Since 1908 Avio Aero design and produce the best-in-class aeronautical components that allow people to fly all around the world safely. To be the leading edge of the highly technological aeronautical industrial sector, the company has never stopped to innovate always providing to the market the prime of key aeronautical products.
In the last decade, more attention has been paid to the design of greener aero engines. One of the goals of Avio Aero is to reduce the impact of jet engines and thus contribute to re-build a greener world. To achieve this important objective, aeronautical companies are working to design newer key components leveraging advanced simulation processes that are powered with the ultimate HPC technology permit to produce more precise and reliable results. The ACROSS project gives to Avio Aero and partners the opportunity to exploit the most advanced technology in the HPC area and, thanks to it, overcome the limitation of the current design process bringing more accurate simulation.
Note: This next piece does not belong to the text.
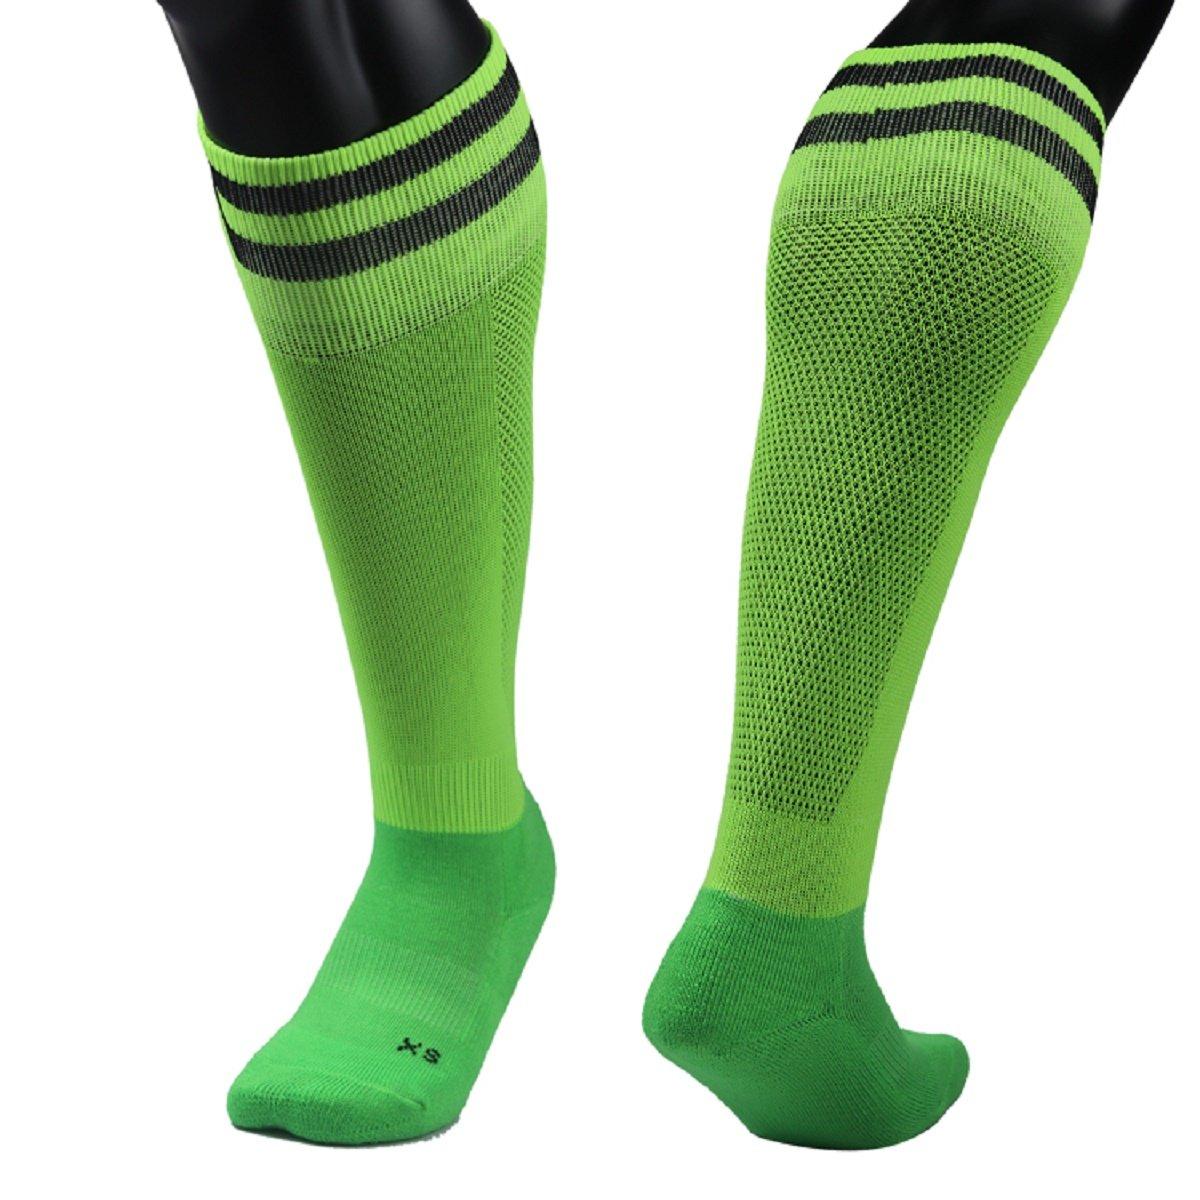 Green Lian LifeStyle Boys 1 Pair Knee Length Sports Socks for Baseball//Soccer//Lacrosse XL003 XXS

Supported by Morfo, the University of Florence, and the University of Genova, Avio Aero provided two test cases to the ACROSS project. The first pilot proposes an innovative design process for low-pressure turbine blades. The goal is to develop an advanced AI-based design system aimed at reducing the time-to-design by 50% and better predicting turbine efficiency which is translated into a reduction of specific fuel consumption. This test case will take advantage of modern AI techniques and high-performance data analytics (HPDA). As a task of the simulation workflow, this pilot can leverage the exploitation of advanced artificial neural networks to build a solution space suited for low-pressure turbine blades that operate in a wide range of conditions. The new data-centric environment will be based on multi-fidelity CFD results (combining URANS and LES calculations) and it will be driven by AI to face a multidimensional, multi-objective, and highly constrained optimization problem. When the design system will be validated it will be very fast to obtain the geometry optimal candidate by querying the previously trained ANN.
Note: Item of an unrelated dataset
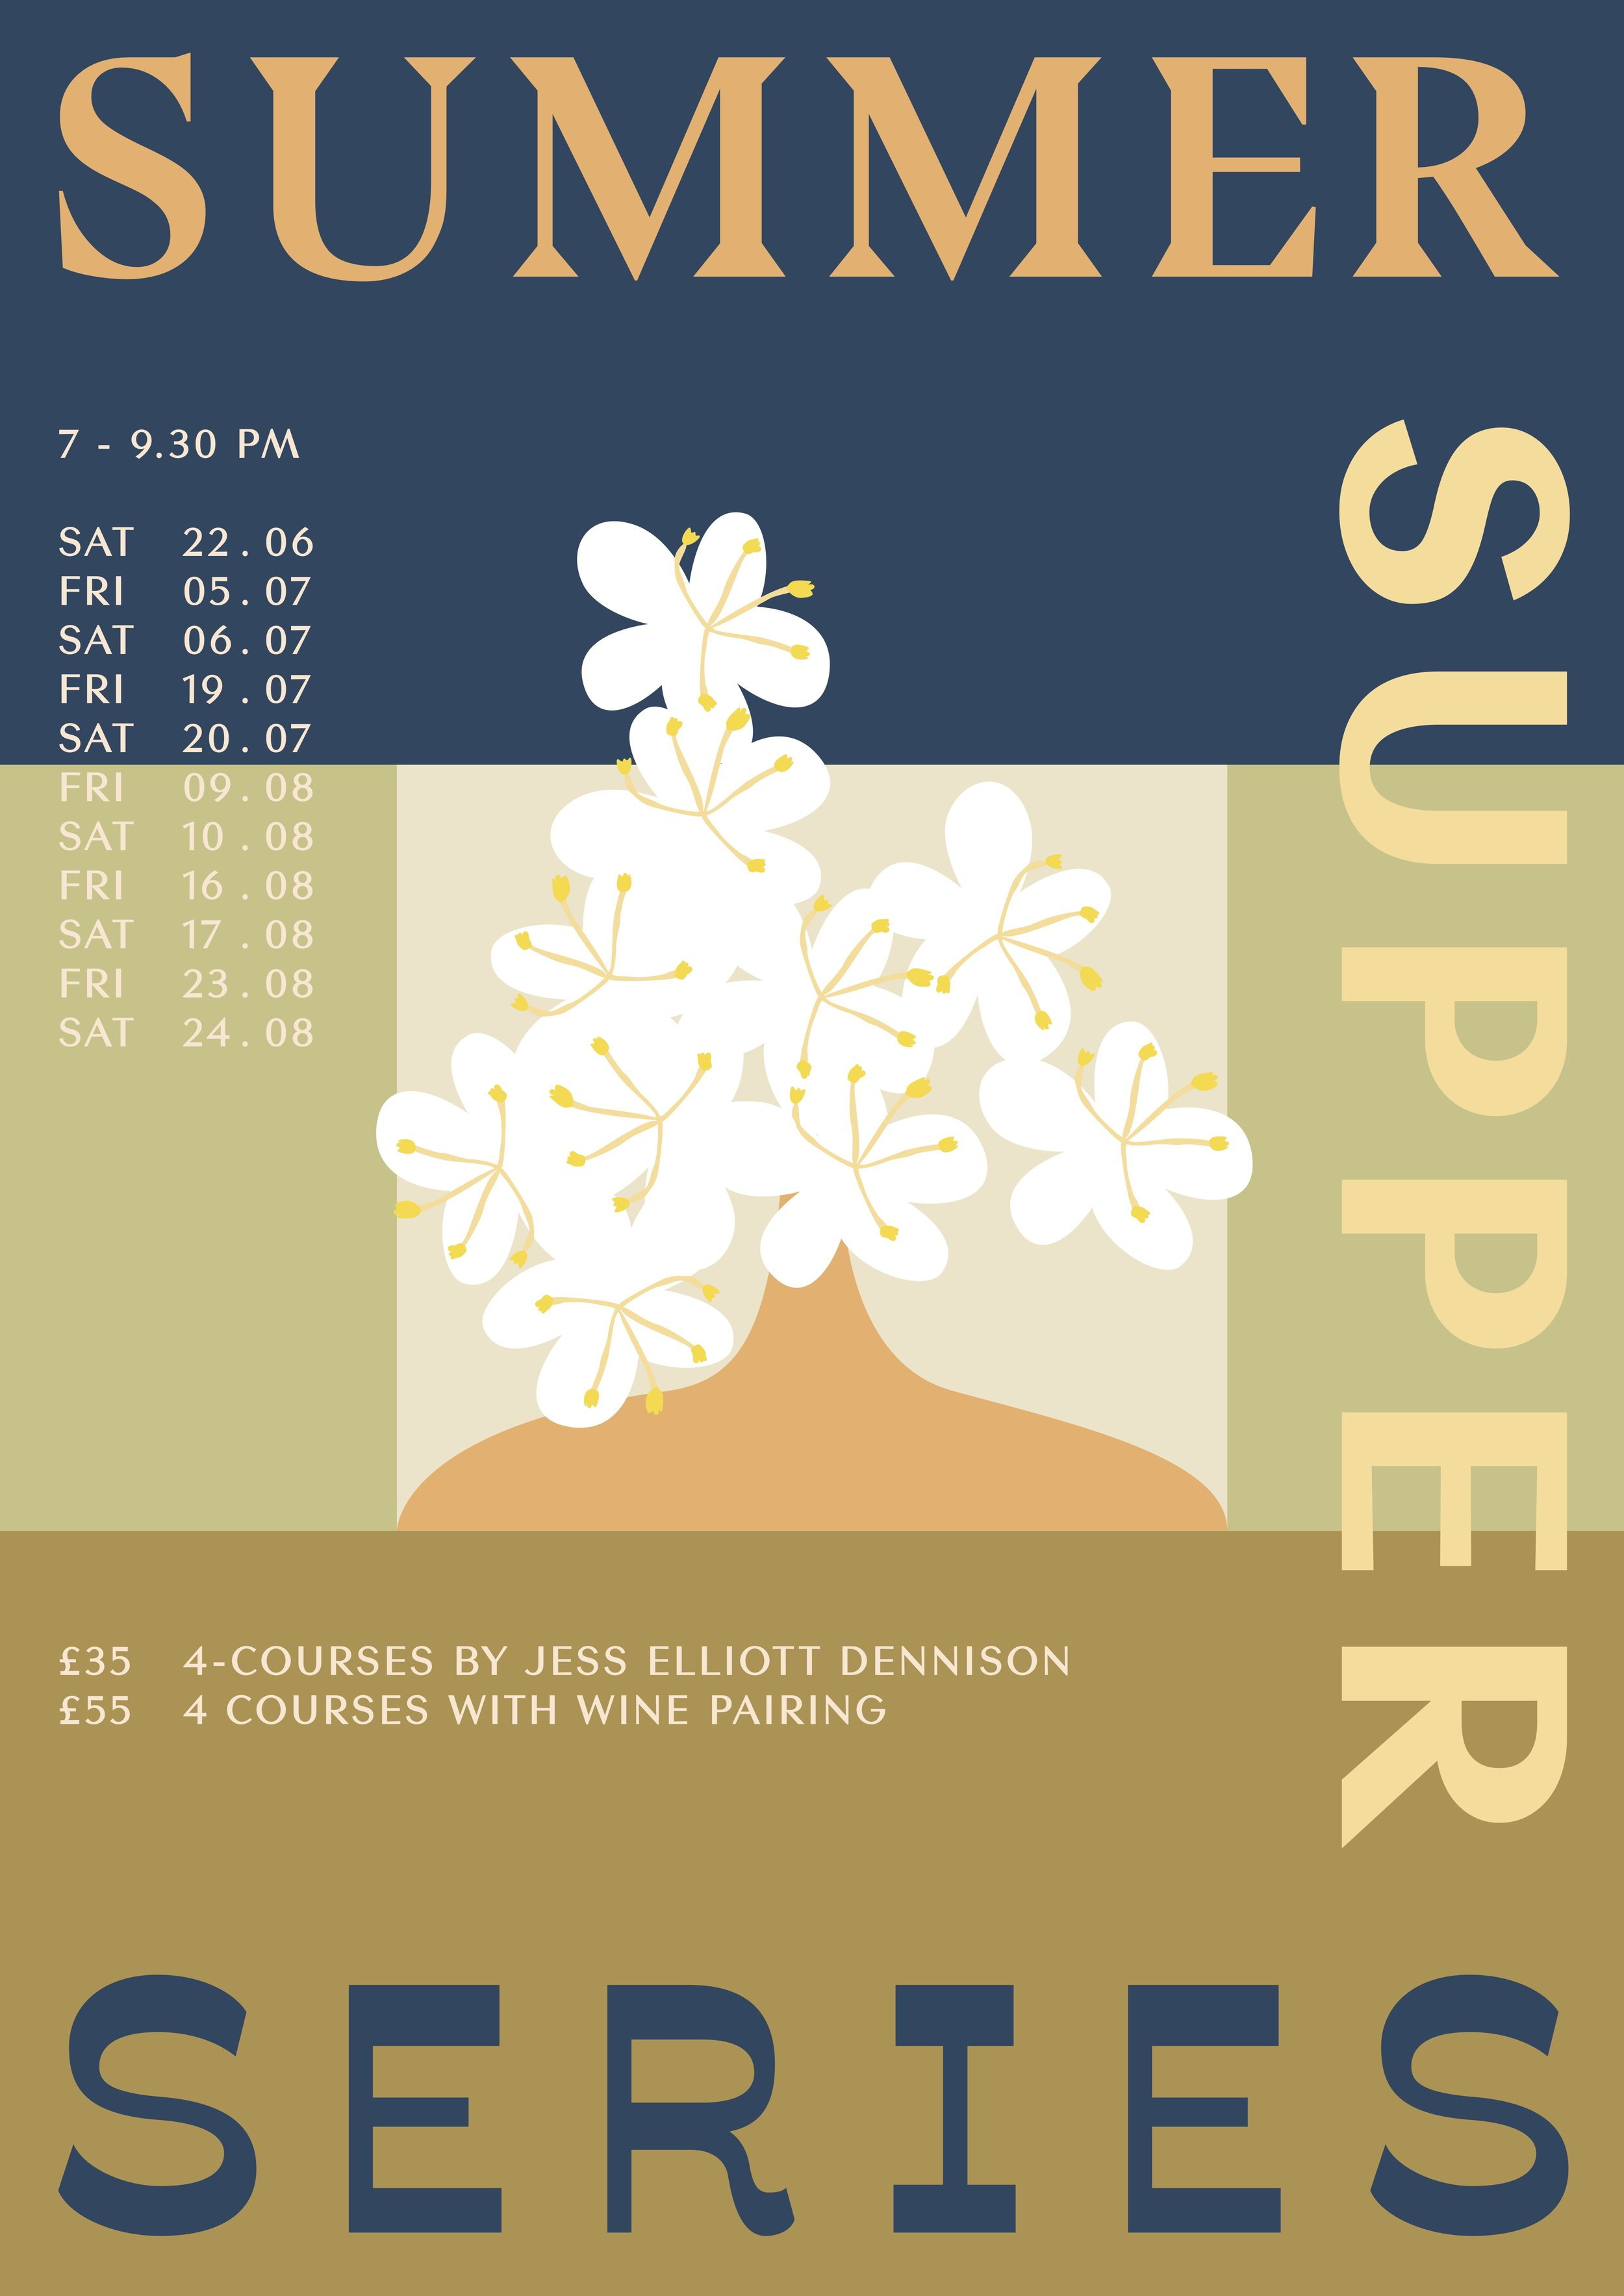 27E_SummerSupper2019_Poster-nocropmarks.jpg

The second pilot aims to introduce a novel approach for the design of combustion chamber cooling systems. For the correct prediction of the temperatures, an accurate solution of the velocity field, of the combustion reaction, of the heat exchanged by conduction and radiation is essential. To allow the correct modeling of the physical phenomena just introduced in a consistent way with the times dictated by the industrial sector it is necessary to adopt multi-physics and multi-scale approaches. The expected results are the correct prediction of metal component temperatures combined with a 30-50% reduction in design time.
This pilot consists of an advanced CFD tool developed within the Ansys fluent platform using user-defined functions and python scripts. A specific solver will be adopted for each previously introduced physical phenomenon to ensure that it is solved as efficiently as possible, this is the reason for which the greatest effort will be concentrated on the management of data exchange between the different solvers.
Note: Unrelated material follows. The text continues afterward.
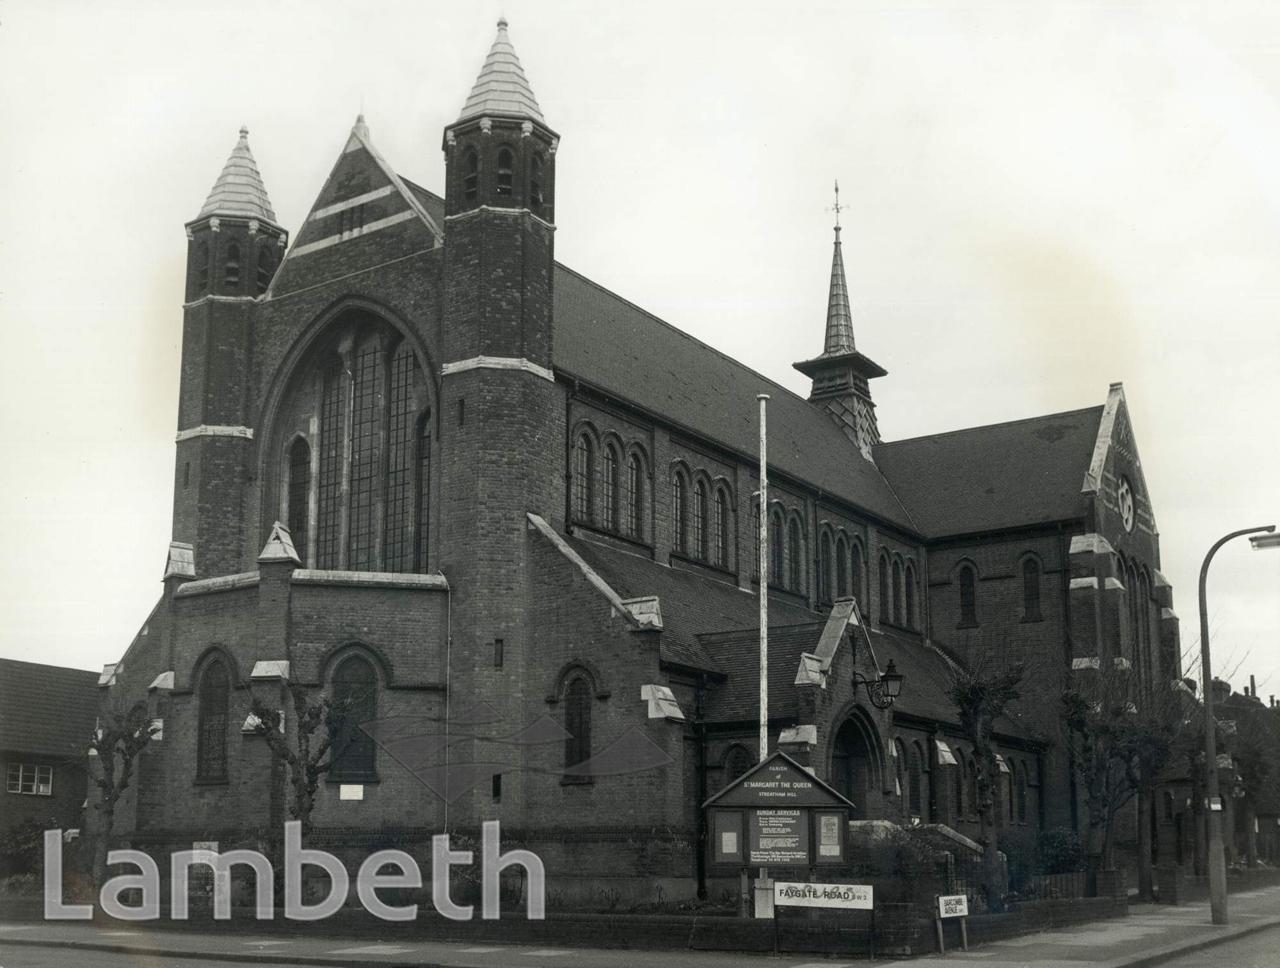 ST MARGARET'S CHURCH, BARCOMBE AVENUE, STREATHAM HILL

Both Avio Aero pilots are very hardware consuming but ACROSS project is providing really powerful infrastructure. The turbine use case is running on the Galileo100 cluster made available by CINECA that has a theoretical peak of 3.5 TFlops/s. The second pilot is taking advantage of two supercomputers offered by IT4I named Karolina and Barbora with a theoretical peak of 15.7 Pflops/s and 849 Tflops/s respectively.
Finally, the Experimental R&D cluster provided by Atos will be exploited to further improve the performance of the AI part by leveraging high-performing AI-acceleration devices like NNPs, VPUs, and even neuromorphic emulators/simulators.